The color of emir’s robe is blue, so it has a very high value for the B plate, and a 0 value for the R plate. This means that the reason emir probably failed during my algorithm in phase 2 was because I couldn’t line up the red and blue pixels by value. I noticed that the blue and green lined up well from Phase 2, so I decided to switch the alignments. Instead, for this iteration, I lined up the blue plate and red plate with the green plate, and that worked much better.

The results are displayed below:

Image of Emir before alignment (farthest left), aligned with my algorithm in phase two (middle), and aligned with my new algorithm in phase 3 (right).

For the last image that aligned the best, Displacement: R(57,17) G(-49,-24)

Phase 4

Automatic Contrast

In this section I experimented with automatic contrasting. My algorithm was very simple. In order to increase the contrast, I multiplied the value of each current pixel by 1.2, and also decreased all pixel values less than 0.09 to 0. This worked pretty well on the .tif files that had lower contrast to begin with, but not as well as the .jpg files

The results for a few of the images are displayed as follows. I cropped the images to show the contrast between each photo a little better:

Shows the contrast between emir before and after the automatic contrast algorithm was applied.

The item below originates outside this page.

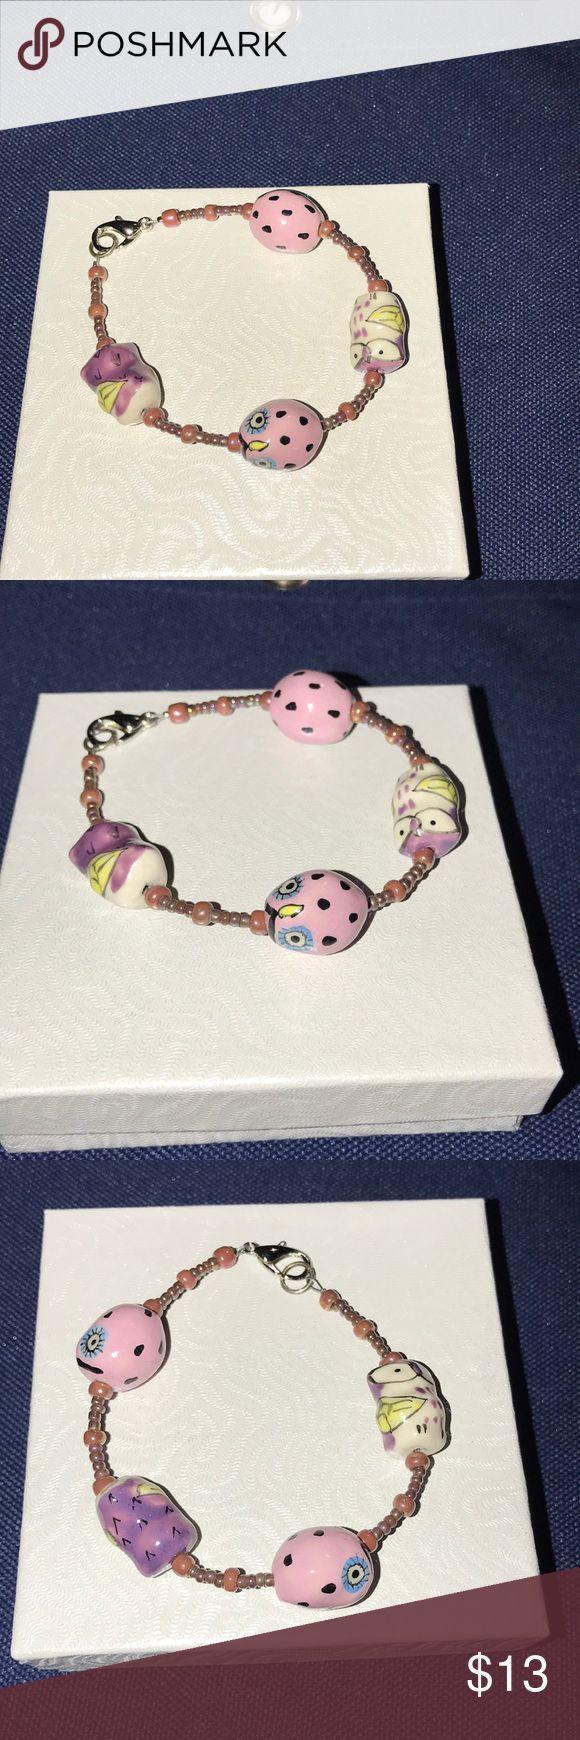 Girl's owl bracelet Owl bracelet with tiny beads Jewelry Bracelets

Becasue of the huge contrast in pixel value between the sky and the grass beforehand, this photo was the most sensitive to my algorithm.

Shows the contrast between emir before and after the automatic contrast algorithm was applied. For this photo, because the photo has less original contrast, the biggest effect my algorithm had on emir was the increase in whiteness of the wall and turban.

Shows the contrast between lady before and after the automatic contrast algorithm was applied.

Shows the contrast between self portrait before and after the automatic contrast algorithm was applied.

Phase 5

Extra Photos

I found out this algorithm works really well for many other photos in the Library of Congress' collection. Here are some of my favorites!

Applied the algorithm on both sizes for the tif files, the larger image is above, and the smaller one is below. I didn't find a huge difference in image quality to the naked eye.

Another picture from the library of congress! I'm impressed how well this one lined up. I picked it because I thought that it's original photos had different contrasts for RGB values.

Picked this one because I simply love the building.